The vascular territorial distribution of HVs in patients with RCVS was MCA, PCA, or a combination of the two. Because the frequency of HVs in patients with PRES or ischemic stroke was much higher than in those without, we hypothesized that a HV was a consequence of compromised cerebral perfusion resulting from more severe vasoconstrictions within the MCA and PCA territories (7). In addition, our study demonstrated that patients with HVs had an initial maximum V_MCA of up to 121.0 ± 39.5 cm/s and an LI of up to 2.8 ± 1.2, which was in proximity to the cut-off criteria for predicting PRES or ischemic stroke (V_MCA > 120 cm/s and LI > 3) (6). Hence, the existence of HVs might be considered a surrogate marker for disease severity. Patients with headaches over the occipital area were more likely to have HVs. Whether these hyperintense and perhaps more engorged vessels could facilitate the activation of perivascular nociceptors and contribute to the anatomical distribution of pain requires further study. WMHLs, though more prevalent in patients with HVs, were predilectionally distributed over the anterior circulation. The nature and pathogenesis of WMHLs in patients with RCVS requires further exploration.

Because most patients with PRES or ischemic stroke had HVs on the same scan, we were unable to evaluate whether HVs could be predictive of PRES or ischemic stroke. However, one of our patients did have a HV prior to his ischemic stroke. One recent report also demonstrated the presence of FLAIR HV and leptomeningeal gadolinium enhancement 4 days prior to the development of characteristic PRES in a patient with eclampsia (19). Considering the overlapping clinical features and radiological findings of eclampsia and post-partum angiopathy (20), it is plausible that the presence of HVs in an ultra-early MR study in patients with RCVS could herald the occurrence of PRES or ischemic stroke.

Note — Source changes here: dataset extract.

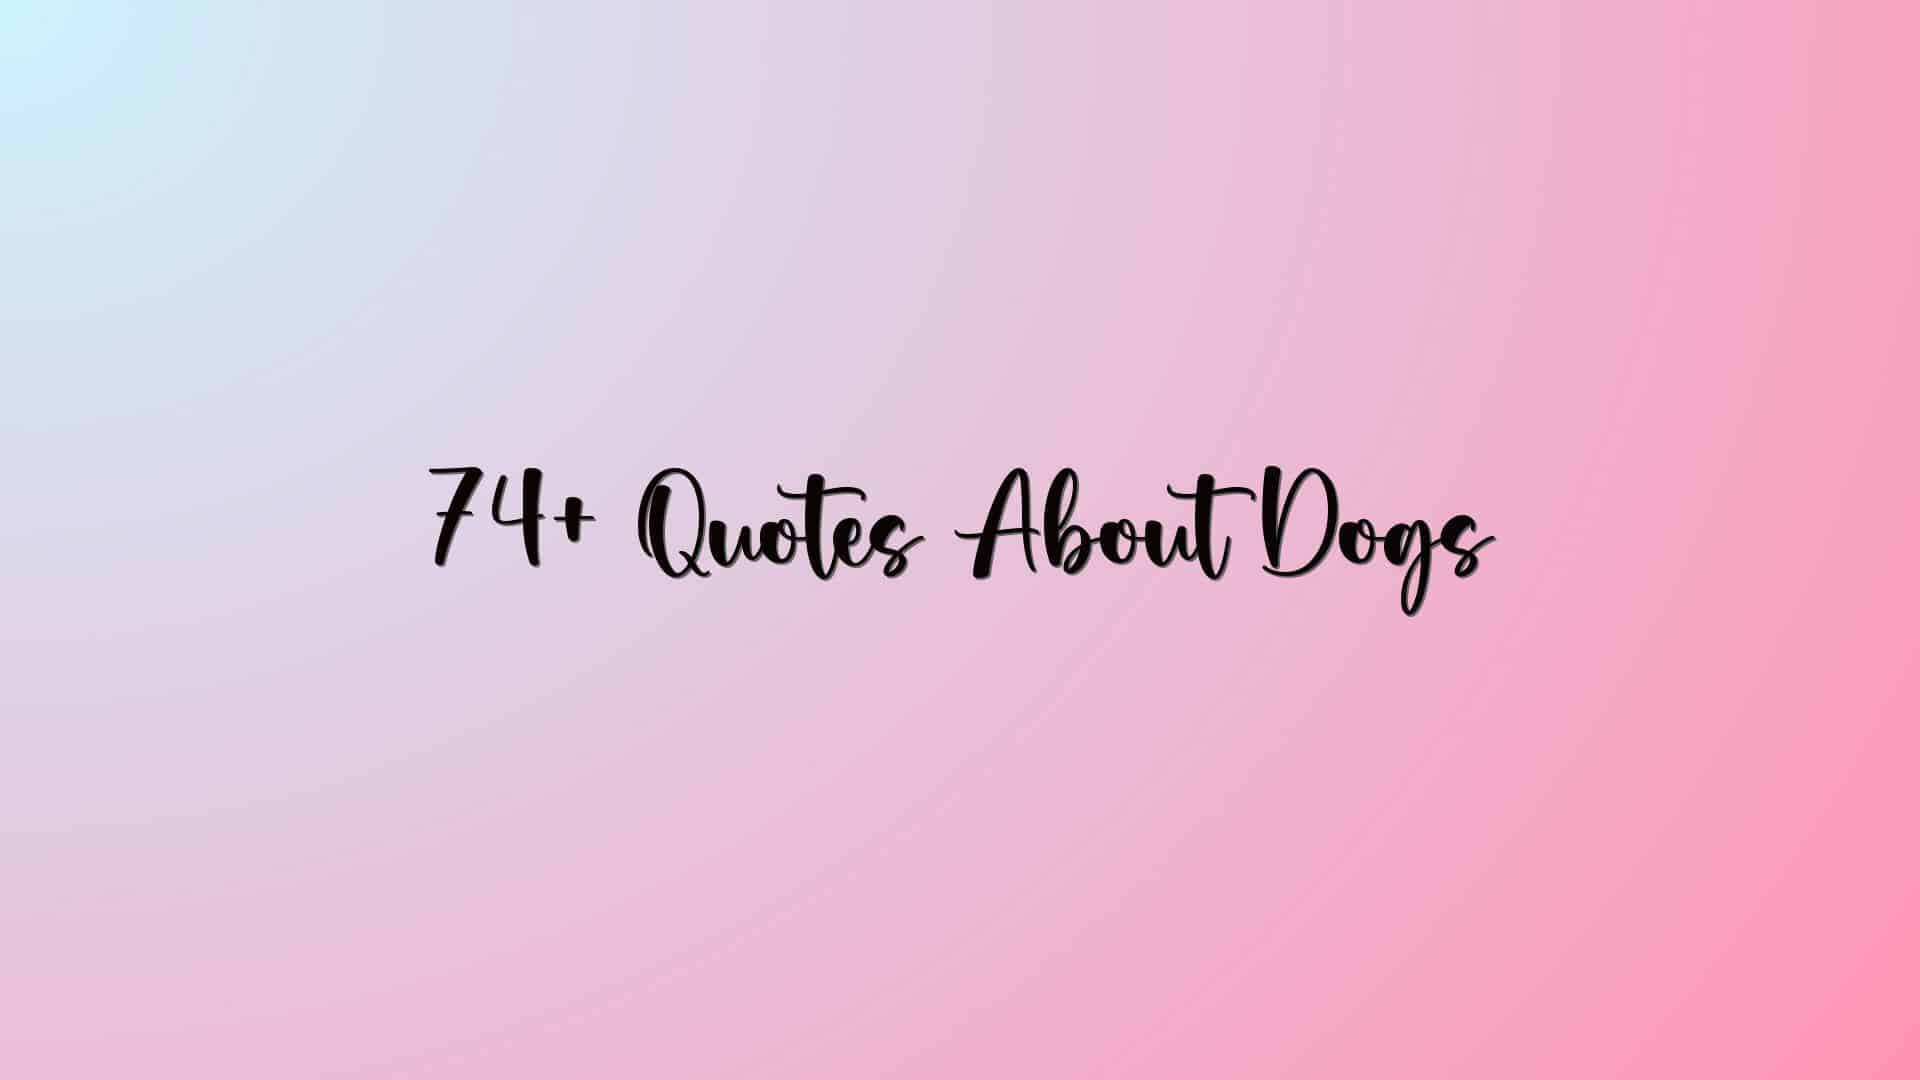 74+ Quotes About Dogs

Nonetheless, more studies which utilize neuroimaging at an earlier stage of the disease course are required to validate this speculation.

Our study had some limitations. First, in the case of HV prior to ischemic stroke, arterial distribution between initial HV sign and the subsequent stroke was not exactly the same. The HV was located over the right MCA territory, whereas the stroke lesions were located over the PCA and MCA–PCA watershed zones. We do not know the exact reason for this mismatch but provide the following possible explanations:

Vasoconstrictions are usually pervasive and can evolve over time in patients with RCVS (3,7);

Secondly, we could not completely prove or disprove the possibility that a HV is of arterial or venous origin because of the limitations of current MR sequences. Prospective MR studies using a higher magnetic field (such as 3 Tesla MR), more thin-layered cuts, and multi-sequences, including pre- and post-contrast images, might be of help to differentiate the nature of this imaging finding in some patients.

Thirdly, a low percentage of our patients had CSF studies, because in Taiwan patients generally have a negative impression of lumbar puncture. Although, during the long-term follow-up, none of our RCVS patients without CSF studies developed SAH, the importance of obtaining CSF to rule out other conditions should not be overlooked.

Finally, though the patients were prospectively recruited, the timing with which they entered the study was inevitably varied depending on the nature of disease and timing of medical help seeking. Therefore, we were unable to determine the exact timing for the appearance of a HV and could not confirm its predictability for complications. Nonetheless, this study showed that regardless of the timing of MR, the appearance of HVs was correlated with more severe hemodynamic disturbances. The presence of HVs might be an important reminder for clinicians to be vigilant about disease severity.